On Jun 12, 2014, at 11:27 AM, Warren Young <war...@etr-usa.com> wrote:

> [*] The absolute XFS filesystem size limit is about 8 million terabytes, 
> which requires about 500 cubic meters of the densest HDDs available today.

I’ve been wondering what 500 TB looks like, so I worked it out.  It requires a 
mere 100 x 6 TB disks for 20% redundancy.

Viewed that way, 500 TB looks a little on the low side.  You can get a 9U 
server chassis[*] with its face almost covered with 50 hot-swap 3.5 inch drive 
trays.  That puts us only one size doubling from being able to achieve a 
max-size array in a single server.

Even if we assume SAS drives, we’re still only about 3 doublings away from 
filling that 9U chassis with a 500 TB array.  RHEL7 will be in production 1 
level support for another 5 years, enough time for those 3 doublings.

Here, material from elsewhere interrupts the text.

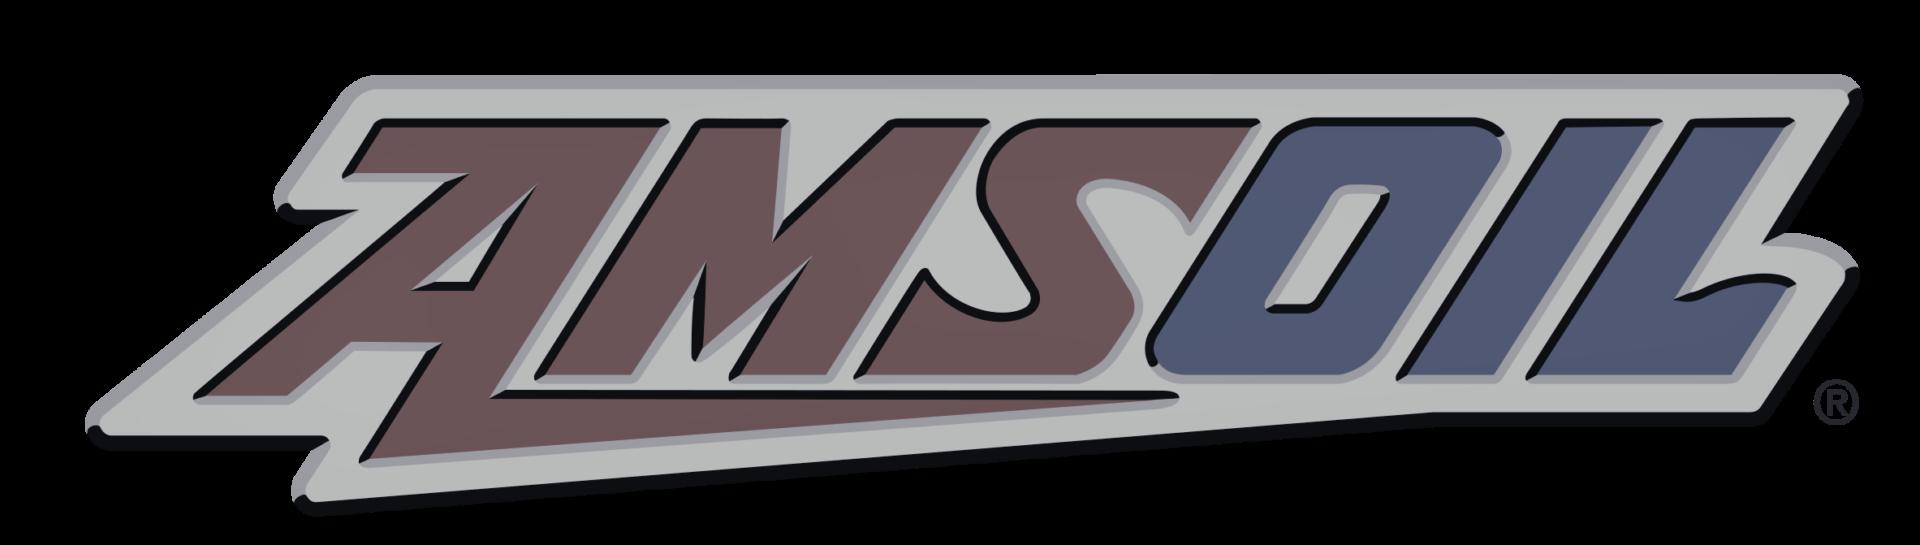 amsoil-1-logo-png-transparent (3)

I assume we’re climbing out of the doubling doldrums brought on by the Taiwan 
floods by now.  Even if not, we’ve got another *10* years before RHEL 7 leaves 
production level 3 support.

Apparently Red Hat picked this number by doing similar projections, and set it 
fairly conservatively.

What this means is that some of us will be DIYing petabyte scale arrays in a 
single commodity chassis by the time RHEL 8 ships.  I’m not talking about 
high-dollar SAN or Big Iron stuff here; we’ll be making them from commodity 
parts you can buy off NewEgg without a special order.  Wow.